Thursday, May 26, 2011

exachk - WARNING!!! sm_priority is not set to recommended value of 5 on infiniband switch

I used exachk and found WARNING => sm_priority is not set to recommended value of 5 on infiniband switch exasw-ib1
So, I checked them by CheckSWProfile.sh script.
# ./CheckSWProfile.sh -I exasw-ib1,exasw-ib2,exasw-ib3
Checking if switch exasw-ib1 is pingable...
Checking if switch exasw-ib2 is pingable...
Checking if switch exasw-ib3 is pingable...
Use the default password for all switches? (y/n) [n]: y
[ERROR] OpenSM configurations mismatch for switch exasw-ib1
Found: controlled_handover=TRUE log_max_size=8 polling_retry_number=5 routing_engine=ftree sminfo_polling_timeout=1000 sm_priority=8
Required: controlled_handover=TRUE log_max_size=8 polling_retry_number=5 routing_engine=ftree sminfo_polling_timeout=1000 sm_priority=5
then I changed sm_priority (8 to 5) in /etc/opensm/opensm.conf on infiniband switch (exasw-ib1)
# vi /etc/opensm/opensm.conf
#Begin /etc/opensm/opensm.conf
.
.
# SM priority used for deciding who is the master
# Range goes from 0 (lowest priority) to 15 (highest).
sm_priority 5
.
.
.
# End /etc/opensm/opensm.conf

After changed ... restart Subnet Manager on infiniband switch
# /etc/init.d/opensmd

Usage: opensmd {start|stop|restart|status}

# /etc/init.d/opensmd restart
Stopping IB Subnet Manager.. [ OK ]
Starting IB Subnet Manager. [ OK ]
back to database server again... and used CheckSWProfile.sh script.
# ./CheckSWProfile.sh -I exasw-ib1,exasw-ib2,exasw-ib3
Checking if switch exasw-ib1 is pingable...
Checking if switch exasw-ib2 is pingable...
Checking if switch exasw-ib3 is pingable...
Use the default password for all switches? (y/n) [n]: y
[INFO] SUCCESS All switches have correct software and firmware version:
SWVer: 1.1.3-2
[INFO] SUCCESS All switches have correct opensm configuration:
controlled_handover=TRUE log_max_size=8 polling_retry_number=5 routing_engine=ftree sminfo_polling_timeout=1000 sm_priority=5

8 comments:

Klaas-Jan Jongsma said...

I think this is a some sort of mistake in the exachk file, you better check it with Oracle Support.
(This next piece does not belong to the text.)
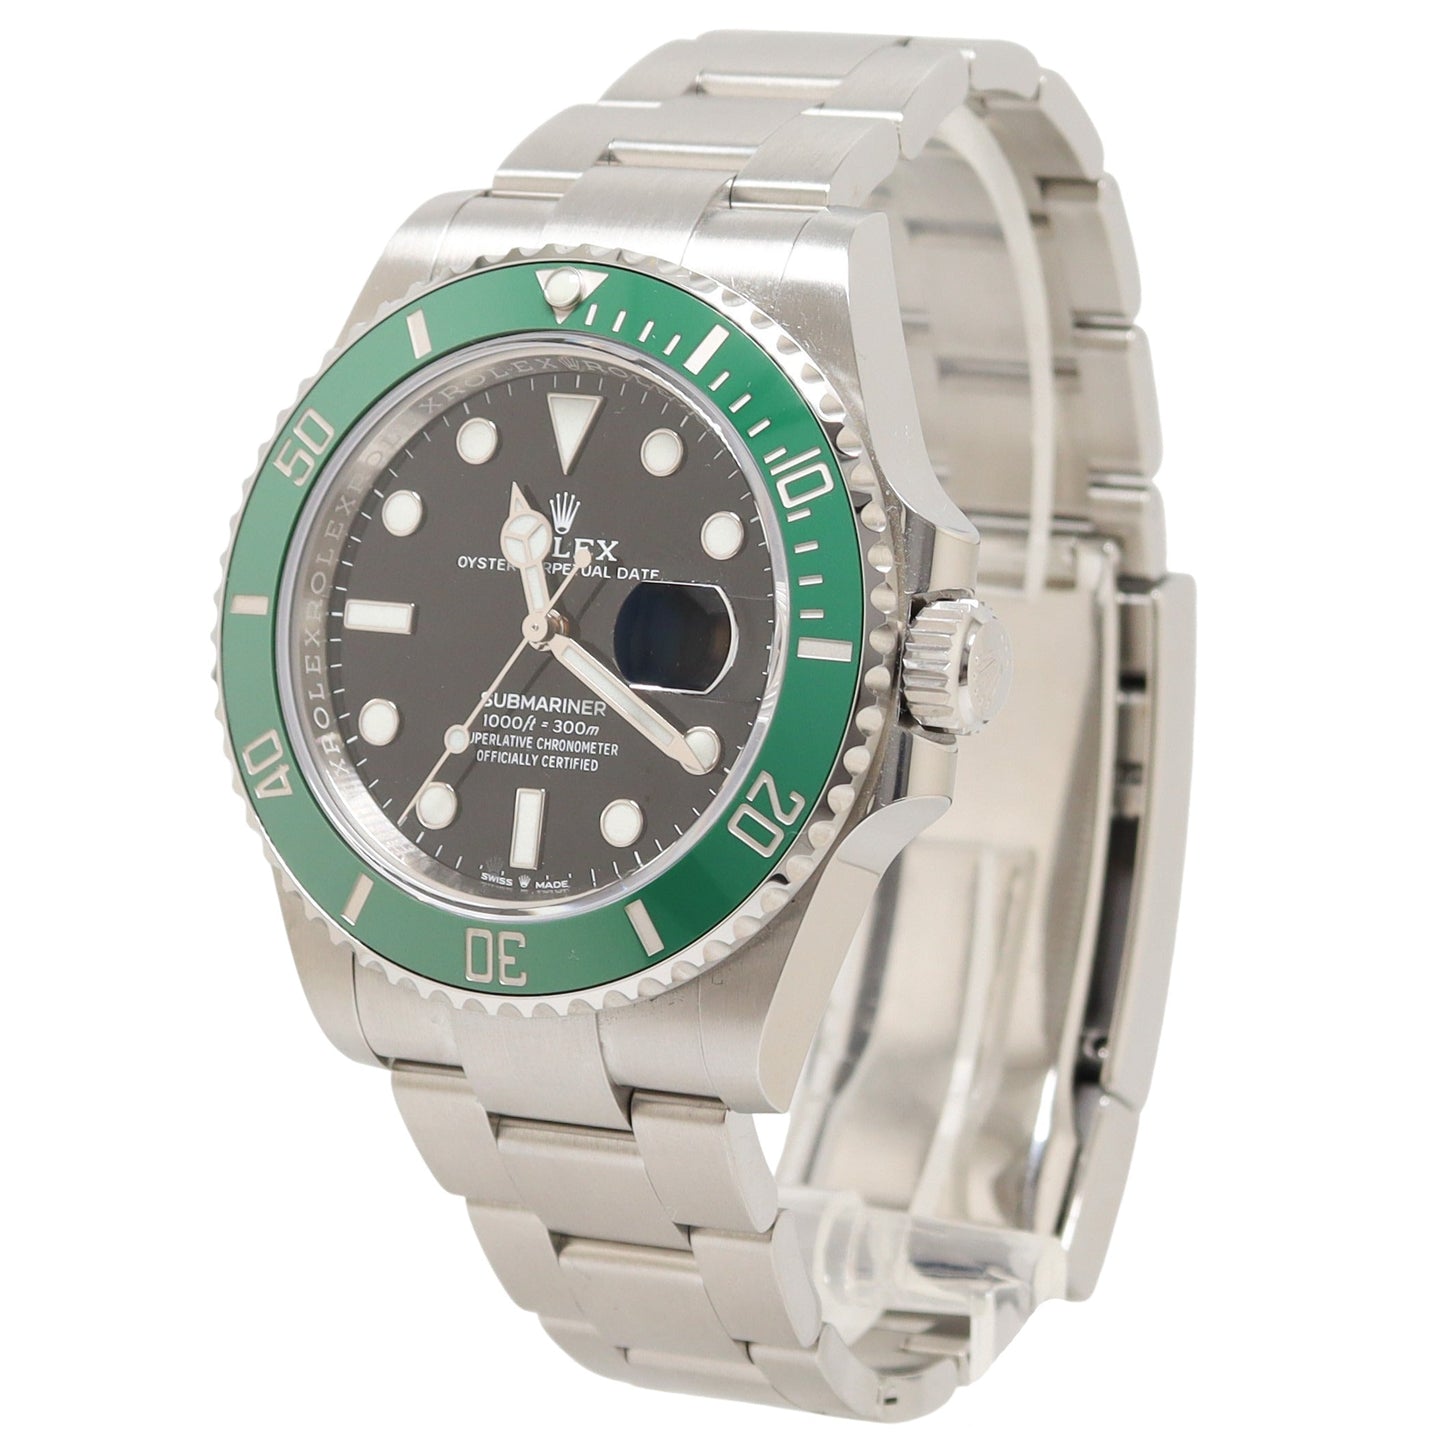 Rolex Submariner "Starbucks" 41mm Stainless Steel Black Dot Dial Watch Reference#: 126610LV - Happy Jewelers Fine Jewelry Lifetime Warranty
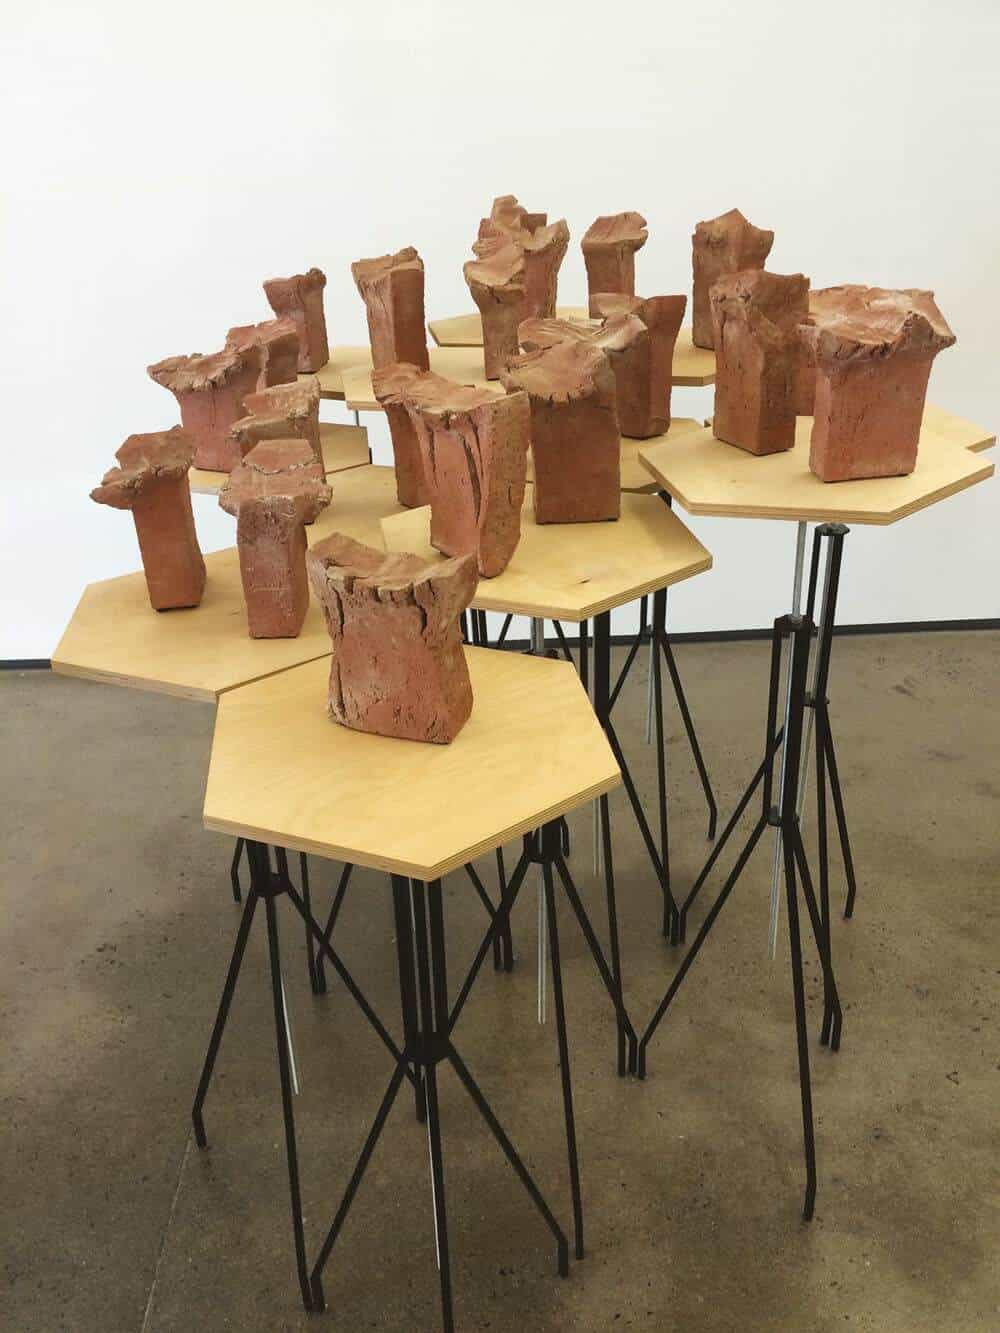 Paul Edmunds, Sames, 2014. Brick clay and hardware, Dimensions variable. Image courtesy of the artist.

IB1 is your spine switch, you need to set it on a sm priority of 8 in case you need to hook it up to another exadata rack (or exalogic). Setting it to 5 might cause problems in multirack environments.

Klaas-Jan Jongsma said...

I think this is a mistake in the exachk script, you better double check this with Oracle Support.

IB1 is your spine switch, used to hook up multiple Exadata or Exalogic machines. It needs to be set to a sm priority of 8. Your leave switches should be at sm 5. Setting your spine switch to 5 as well might cause problems in multirack environments.

Surachart Opun said...

Thank you so much. I'll check with Oracle Support.

Surachart Opun said...

Still find out.
If check from Doc:
By default, the Subnet Manager within the management controller is set to 0 priority. If there is more than one Subnet Manager in your InfiniBand fabric, you must set the priority of each Subnet Manager appropriately. The Subnet Manager with the highest priority is the primary (or Master) Subnet Manager.

Surachart Opun said...

someone suggested me.. review Exadata Doc before.

I use X2-2 HALF RACK

Setting the Subnet Manager Master on Exadata Database Machine Full Rack and Exadata Database Machine Half Rack

Exadata Database Machine Full Racks and Oracle Exadata Database Machine X2-2 Half Racks have three Sun Datacenter InfiniBand Switch 36 switches. The switch at rack unit 1 (U1) is referred to as the spine switch. The switches at rack unit 20 (U20) and rack unit 24 (U24) are referred to as leaf switches. The spine switch is the Subnet Manager Master for the InfiniBand subnet. It has priority 5.

Vern Wagman said...

Hi,

This is Bug 12600905 - exachk fails to account for spine switch.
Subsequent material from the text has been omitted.